[[ DATA FOR REVIEW, beginning ]]

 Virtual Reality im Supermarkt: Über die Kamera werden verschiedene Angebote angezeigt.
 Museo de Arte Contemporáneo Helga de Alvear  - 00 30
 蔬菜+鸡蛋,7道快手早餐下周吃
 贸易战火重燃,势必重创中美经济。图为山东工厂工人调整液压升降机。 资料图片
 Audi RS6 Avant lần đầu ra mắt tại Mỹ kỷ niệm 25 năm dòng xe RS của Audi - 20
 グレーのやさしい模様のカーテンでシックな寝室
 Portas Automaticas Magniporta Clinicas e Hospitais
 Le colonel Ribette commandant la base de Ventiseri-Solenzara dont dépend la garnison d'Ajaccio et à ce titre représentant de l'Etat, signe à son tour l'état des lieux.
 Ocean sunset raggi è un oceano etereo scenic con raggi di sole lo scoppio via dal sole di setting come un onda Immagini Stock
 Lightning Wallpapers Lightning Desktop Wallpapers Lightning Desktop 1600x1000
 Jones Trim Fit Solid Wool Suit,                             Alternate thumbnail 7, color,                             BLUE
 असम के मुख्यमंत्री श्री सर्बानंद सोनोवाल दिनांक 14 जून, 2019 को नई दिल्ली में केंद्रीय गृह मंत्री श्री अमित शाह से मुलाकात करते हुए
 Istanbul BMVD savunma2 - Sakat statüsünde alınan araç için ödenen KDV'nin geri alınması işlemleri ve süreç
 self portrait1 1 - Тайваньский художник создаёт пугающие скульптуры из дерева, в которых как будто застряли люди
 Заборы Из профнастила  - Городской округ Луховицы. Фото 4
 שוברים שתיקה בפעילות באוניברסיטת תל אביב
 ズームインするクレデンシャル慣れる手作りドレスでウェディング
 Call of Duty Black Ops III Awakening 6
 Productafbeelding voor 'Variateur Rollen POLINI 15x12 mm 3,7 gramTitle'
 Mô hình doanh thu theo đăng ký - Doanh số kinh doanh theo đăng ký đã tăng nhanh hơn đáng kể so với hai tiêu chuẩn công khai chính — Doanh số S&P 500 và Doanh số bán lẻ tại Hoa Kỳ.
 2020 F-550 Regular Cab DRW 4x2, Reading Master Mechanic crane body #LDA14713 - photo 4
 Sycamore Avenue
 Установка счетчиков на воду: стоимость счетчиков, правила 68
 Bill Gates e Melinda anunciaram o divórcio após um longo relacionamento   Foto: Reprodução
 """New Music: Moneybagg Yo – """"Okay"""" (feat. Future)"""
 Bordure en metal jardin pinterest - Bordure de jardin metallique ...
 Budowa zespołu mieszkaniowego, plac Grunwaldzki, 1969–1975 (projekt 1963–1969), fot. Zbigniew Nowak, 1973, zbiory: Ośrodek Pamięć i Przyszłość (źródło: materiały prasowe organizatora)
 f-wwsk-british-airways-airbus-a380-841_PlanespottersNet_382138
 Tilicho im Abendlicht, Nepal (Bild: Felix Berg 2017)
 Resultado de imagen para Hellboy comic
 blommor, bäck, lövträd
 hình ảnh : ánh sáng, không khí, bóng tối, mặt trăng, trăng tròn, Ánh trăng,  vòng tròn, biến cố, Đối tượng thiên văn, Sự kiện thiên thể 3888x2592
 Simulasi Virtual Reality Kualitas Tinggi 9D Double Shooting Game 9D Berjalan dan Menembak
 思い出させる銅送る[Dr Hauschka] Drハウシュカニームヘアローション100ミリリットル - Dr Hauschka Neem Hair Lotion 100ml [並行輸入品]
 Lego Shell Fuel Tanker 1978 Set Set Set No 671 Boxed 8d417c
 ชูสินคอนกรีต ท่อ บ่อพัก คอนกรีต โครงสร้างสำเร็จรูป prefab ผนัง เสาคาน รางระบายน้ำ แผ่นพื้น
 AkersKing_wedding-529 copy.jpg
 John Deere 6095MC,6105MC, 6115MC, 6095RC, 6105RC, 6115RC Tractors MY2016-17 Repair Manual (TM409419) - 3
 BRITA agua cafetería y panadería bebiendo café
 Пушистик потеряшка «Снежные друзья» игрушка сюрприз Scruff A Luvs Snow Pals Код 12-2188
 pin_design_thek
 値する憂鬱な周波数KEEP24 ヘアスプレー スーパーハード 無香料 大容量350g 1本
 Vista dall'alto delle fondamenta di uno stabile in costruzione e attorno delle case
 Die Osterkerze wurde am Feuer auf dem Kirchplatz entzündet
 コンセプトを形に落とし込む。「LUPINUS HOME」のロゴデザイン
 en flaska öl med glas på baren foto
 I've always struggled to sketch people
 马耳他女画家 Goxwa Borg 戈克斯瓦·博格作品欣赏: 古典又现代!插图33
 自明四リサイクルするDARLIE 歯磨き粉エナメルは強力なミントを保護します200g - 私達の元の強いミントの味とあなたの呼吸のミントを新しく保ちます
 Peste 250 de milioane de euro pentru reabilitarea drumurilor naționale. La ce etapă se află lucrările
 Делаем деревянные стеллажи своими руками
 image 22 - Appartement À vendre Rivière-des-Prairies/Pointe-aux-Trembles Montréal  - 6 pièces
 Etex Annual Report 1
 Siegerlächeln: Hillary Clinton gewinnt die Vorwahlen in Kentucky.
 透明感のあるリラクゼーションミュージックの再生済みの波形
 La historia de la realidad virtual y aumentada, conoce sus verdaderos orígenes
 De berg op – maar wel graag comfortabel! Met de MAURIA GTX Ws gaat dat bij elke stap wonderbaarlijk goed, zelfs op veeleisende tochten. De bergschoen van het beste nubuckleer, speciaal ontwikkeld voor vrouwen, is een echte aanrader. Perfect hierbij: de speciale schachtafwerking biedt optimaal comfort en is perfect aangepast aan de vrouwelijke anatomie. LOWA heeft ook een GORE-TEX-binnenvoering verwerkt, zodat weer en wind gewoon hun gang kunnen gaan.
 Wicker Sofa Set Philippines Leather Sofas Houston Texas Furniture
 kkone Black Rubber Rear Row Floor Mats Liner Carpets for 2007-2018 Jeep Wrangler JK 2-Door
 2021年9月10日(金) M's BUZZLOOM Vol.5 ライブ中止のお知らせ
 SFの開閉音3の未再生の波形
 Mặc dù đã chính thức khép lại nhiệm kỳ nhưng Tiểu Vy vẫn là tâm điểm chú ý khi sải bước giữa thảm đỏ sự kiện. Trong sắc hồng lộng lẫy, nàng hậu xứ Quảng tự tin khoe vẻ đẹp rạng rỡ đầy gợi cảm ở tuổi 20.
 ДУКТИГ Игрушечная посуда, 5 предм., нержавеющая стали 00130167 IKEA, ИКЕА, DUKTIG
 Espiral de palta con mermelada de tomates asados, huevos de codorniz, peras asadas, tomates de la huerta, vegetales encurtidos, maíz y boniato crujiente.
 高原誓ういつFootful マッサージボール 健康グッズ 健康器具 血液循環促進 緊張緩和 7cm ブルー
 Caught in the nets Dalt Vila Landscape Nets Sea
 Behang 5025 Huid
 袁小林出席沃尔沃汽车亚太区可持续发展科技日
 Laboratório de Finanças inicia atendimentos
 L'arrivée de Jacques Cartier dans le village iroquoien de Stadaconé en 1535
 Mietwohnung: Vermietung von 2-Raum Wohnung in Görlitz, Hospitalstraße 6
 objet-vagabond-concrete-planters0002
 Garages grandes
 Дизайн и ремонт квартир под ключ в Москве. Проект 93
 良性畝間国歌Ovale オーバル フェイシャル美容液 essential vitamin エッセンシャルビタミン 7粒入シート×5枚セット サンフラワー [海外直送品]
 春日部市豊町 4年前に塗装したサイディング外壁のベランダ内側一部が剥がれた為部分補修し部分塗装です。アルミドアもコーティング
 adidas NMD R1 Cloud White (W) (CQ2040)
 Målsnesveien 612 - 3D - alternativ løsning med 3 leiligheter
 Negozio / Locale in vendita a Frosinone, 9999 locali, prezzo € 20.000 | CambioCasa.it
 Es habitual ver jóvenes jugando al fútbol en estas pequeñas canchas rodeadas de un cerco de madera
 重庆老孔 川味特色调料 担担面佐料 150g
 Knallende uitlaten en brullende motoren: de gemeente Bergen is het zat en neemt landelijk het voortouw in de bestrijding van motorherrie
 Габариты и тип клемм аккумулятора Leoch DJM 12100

[[ DATA FOR REVIEW, end ]]

#### WHAT TO PRODUCE
With the line holding "Music: Moneybagg Yo" as the first and the line holding "値する憂鬱な周波数KEEP24 ヘアスプレー スーパーハード" as the last, set down that range of the entries above exactly, and nothing else.

#### FINISHED EXERCISE
 """New Music: Moneybagg Yo – """"Okay"""" (feat. Future)"""
 Bordure en metal jardin pinterest - Bordure de jardin metallique ...
 Budowa zespołu mieszkaniowego, plac Grunwaldzki, 1969–1975 (projekt 1963–1969), fot. Zbigniew Nowak, 1973, zbiory: Ośrodek Pamięć i Przyszłość (źródło: materiały prasowe organizatora)
 f-wwsk-british-airways-airbus-a380-841_PlanespottersNet_382138
 Tilicho im Abendlicht, Nepal (Bild: Felix Berg 2017)
 Resultado de imagen para Hellboy comic
 blommor, bäck, lövträd
 hình ảnh : ánh sáng, không khí, bóng tối, mặt trăng, trăng tròn, Ánh trăng,  vòng tròn, biến cố, Đối tượng thiên văn, Sự kiện thiên thể 3888x2592
 Simulasi Virtual Reality Kualitas Tinggi 9D Double Shooting Game 9D Berjalan dan Menembak
 思い出させる銅送る[Dr Hauschka] Drハウシュカニームヘアローション100ミリリットル - Dr Hauschka Neem Hair Lotion 100ml [並行輸入品]
 Lego Shell Fuel Tanker 1978 Set Set Set No 671 Boxed 8d417c
 ชูสินคอนกรีต ท่อ บ่อพัก คอนกรีต โครงสร้างสำเร็จรูป prefab ผนัง เสาคาน รางระบายน้ำ แผ่นพื้น
 AkersKing_wedding-529 copy.jpg
 John Deere 6095MC,6105MC, 6115MC, 6095RC, 6105RC, 6115RC Tractors MY2016-17 Repair Manual (TM409419) - 3
 BRITA agua cafetería y panadería bebiendo café
 Пушистик потеряшка «Снежные друзья» игрушка сюрприз Scruff A Luvs Snow Pals Код 12-2188
 pin_design_thek
 値する憂鬱な周波数KEEP24 ヘアスプレー スーパーハード 無香料 大容量350g 1本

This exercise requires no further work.